The data below should be transcribed in full, with no picture included.

[Collected data]:
---

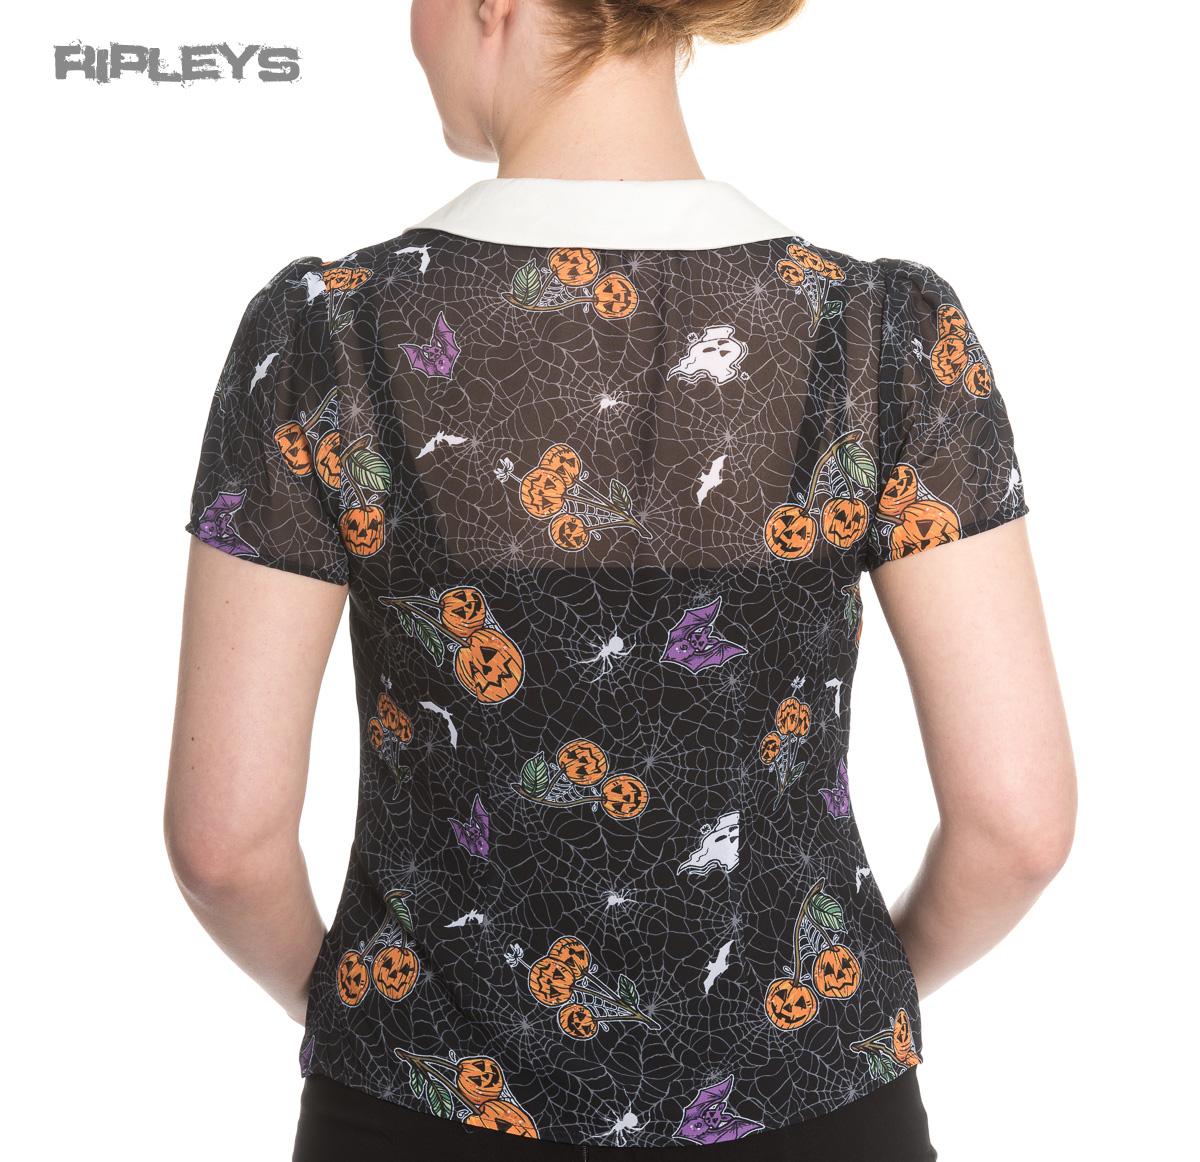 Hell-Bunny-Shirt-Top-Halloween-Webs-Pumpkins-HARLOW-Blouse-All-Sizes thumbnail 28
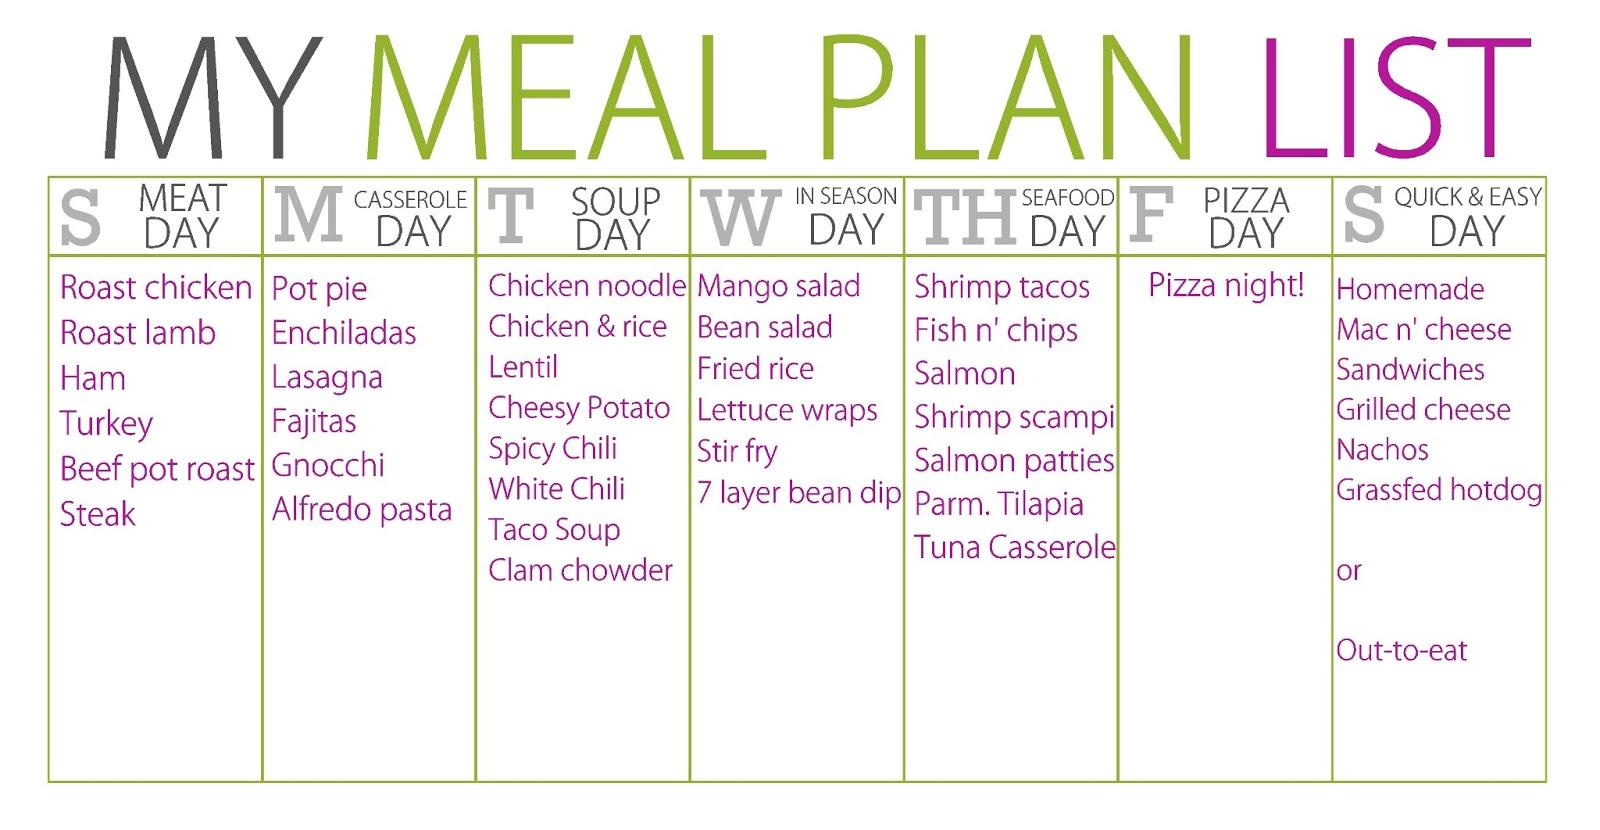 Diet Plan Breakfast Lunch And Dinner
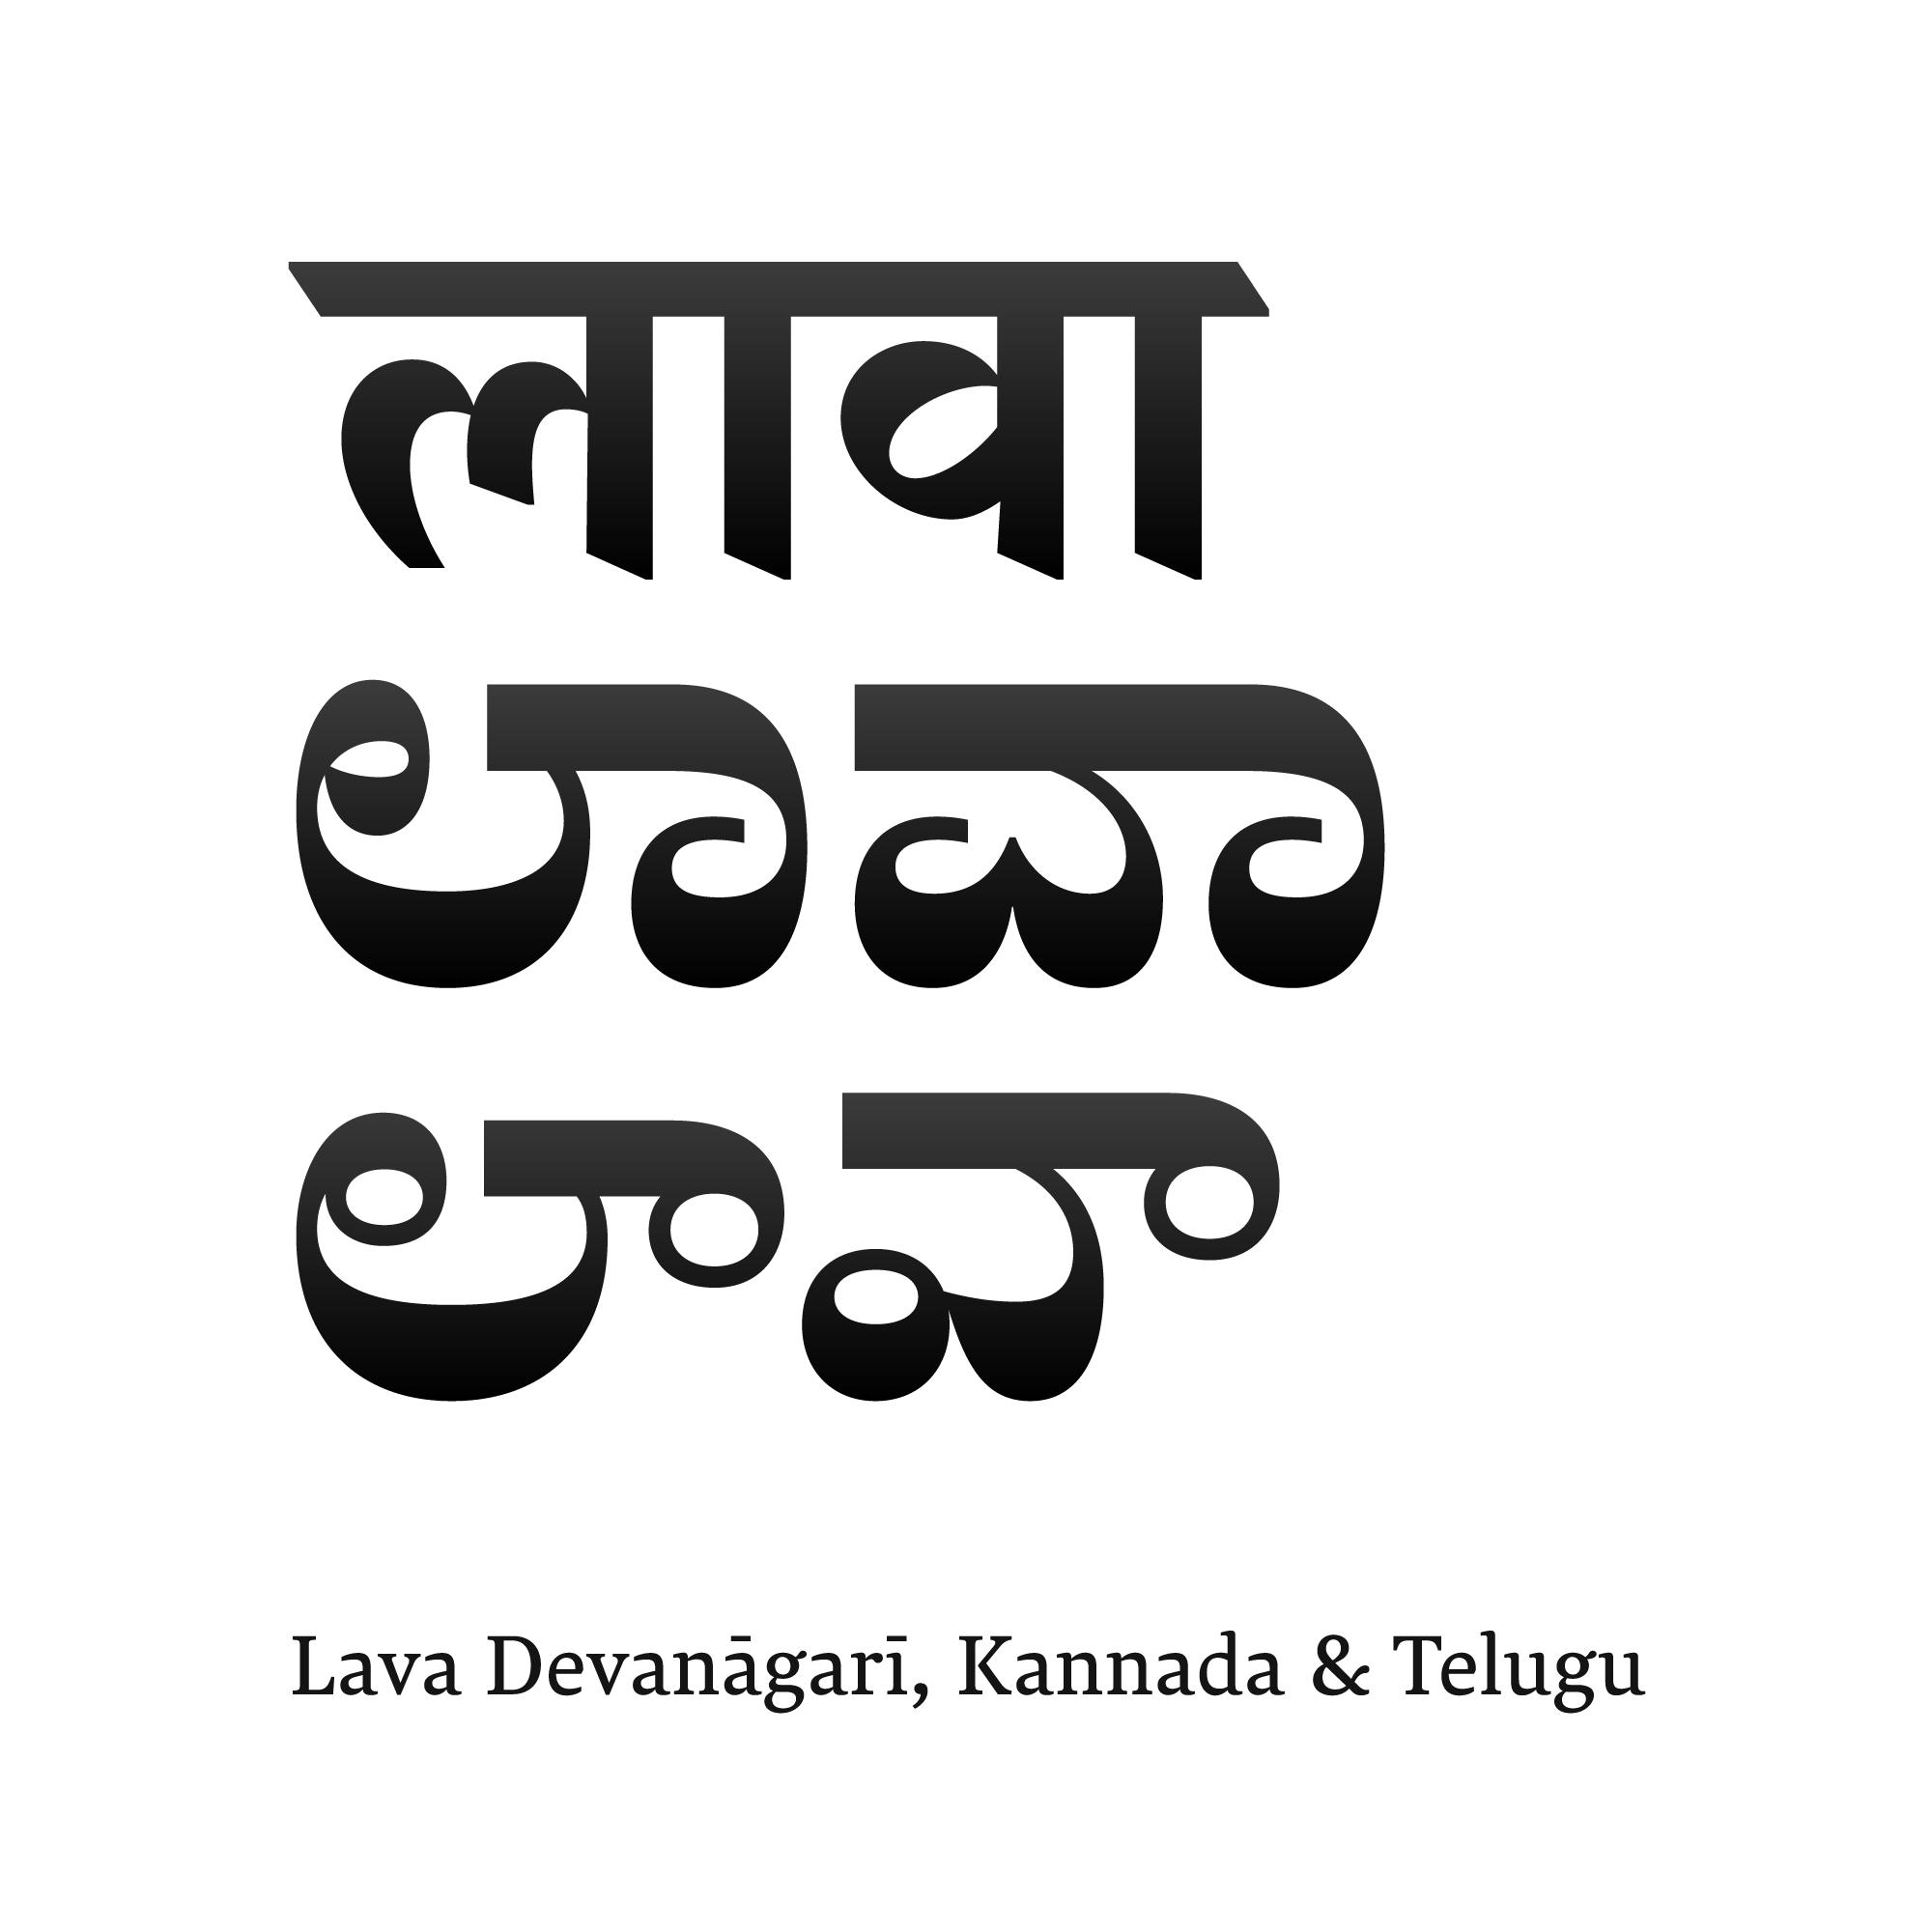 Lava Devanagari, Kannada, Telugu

---

[Result]:
 Hell-Bunny-Shirt-Top-Halloween-Webs-Pumpkins-HARLOW-Blouse-All-Sizes thumbnail 28
 Diet Plan Breakfast Lunch And Dinner
 Lava Devanagari, Kannada, Telugu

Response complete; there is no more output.